Un delantero capaz de obtener un millón de votos, un presidente que pone sobre sus hombros una Copa del Mundo, un reino petrolero con ánimo de aguafiestas y una nación liberal son los ingredientes que le dan color al Grupo A del Mundial de Rusia. Este grupo cuenta con Uruguay como claro favorito. Su chapa se sostiene en el hecho de que la plantilla del cuadro celeste muestra un nivel de calidad muy superior a las de Rusia, Egipto y Arabia Saudita. No obstante, esa no es la única distancia que separa a los charrúas de sus rivales. La Celeste es la única selección que puede vanagloriarse de no tener los tanques en las calles.
A pesar de que este año se celebraron elecciones en Rusia, los analistas occidentales son claros en señalar que el país euroasiático está lejos de vivir una democracia plena. Bajo el régimen de Vladimir Putin, los líderes opositores han sido perseguidos, los principales medios de comunicación tomados y los derechos de las minorías restringidos. Bajo esas circunstancias, los comicios celebrados en marzo terminaron siendo una mera formalidad. Rusia es el feudo de Putin. Por esa razón, esta Copa Mundial tiene un rostro identificable.

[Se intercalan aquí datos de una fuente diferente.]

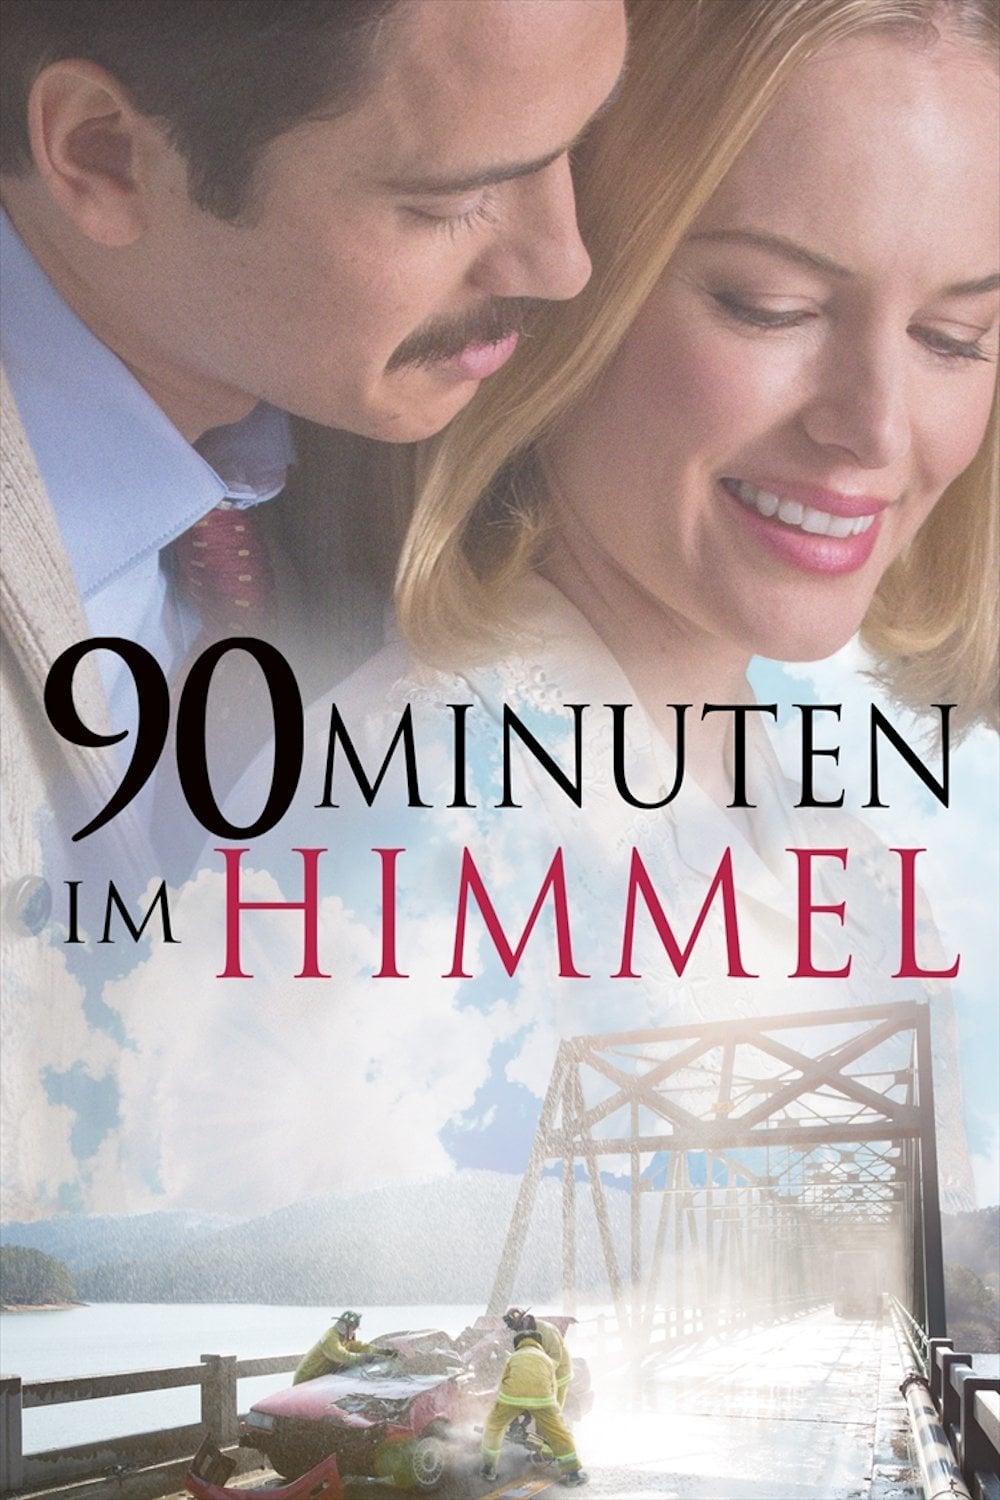 Plakat von "90 Minuten im Himmel"

El ‘nuevo zar’ ha diseñado este torneo a su medida. Pese a que no es aficionado al fútbol, reconoce el capital político que este deporte ofrece y aporta al show. Lanza pronósticos, alaba a los mejores equipos y promete que su escuadra dejará todo en la cancha. Por lo visto, incluso en el caso de que su selección quede eliminada en primera fase, Putin no será visto como el perdedor del Mundial.
Pese a que no es aficionado al fútbol, (Putin) reconoce el capital político que este deporte ofrece y aporta al show…”
Arabia Saudita, el otro país que protagonizará el partido inaugural de la copa, también cuenta con un amplio historial de violaciones a los derechos humanos. El país árabe es gobernado desde hace más de ochenta años por una monarquía que fundamenta sus decisiones en la Sharia, ley islámica. Este tipo de régimen conlleva a que violaciones a los derechos de las mujeres y de los grupos LGTBI estén justificadas por decreto. Por ejemplo, la homosexualidad es castigada con la pena de muerte y hasta hace muy poco las mujeres no tenían derecho a manejar un automóvil. Estas costumbres, bastante reñidas con los valores liberales, no han provocado que Estados Unidos le haga ascos. Al contrario, la monarquía saudita tiene una buena relación con el país norteamericano y es su principal aliado en el Medio Oriente. Esa alianza no es gratuita, ya que se sostiene en el petróleo árabe. Por esa razón, una victoria de ‘Los hijos del desierto’ en el debut frente a Rusia sería la mejor ofrenda a su aliado norteamericano.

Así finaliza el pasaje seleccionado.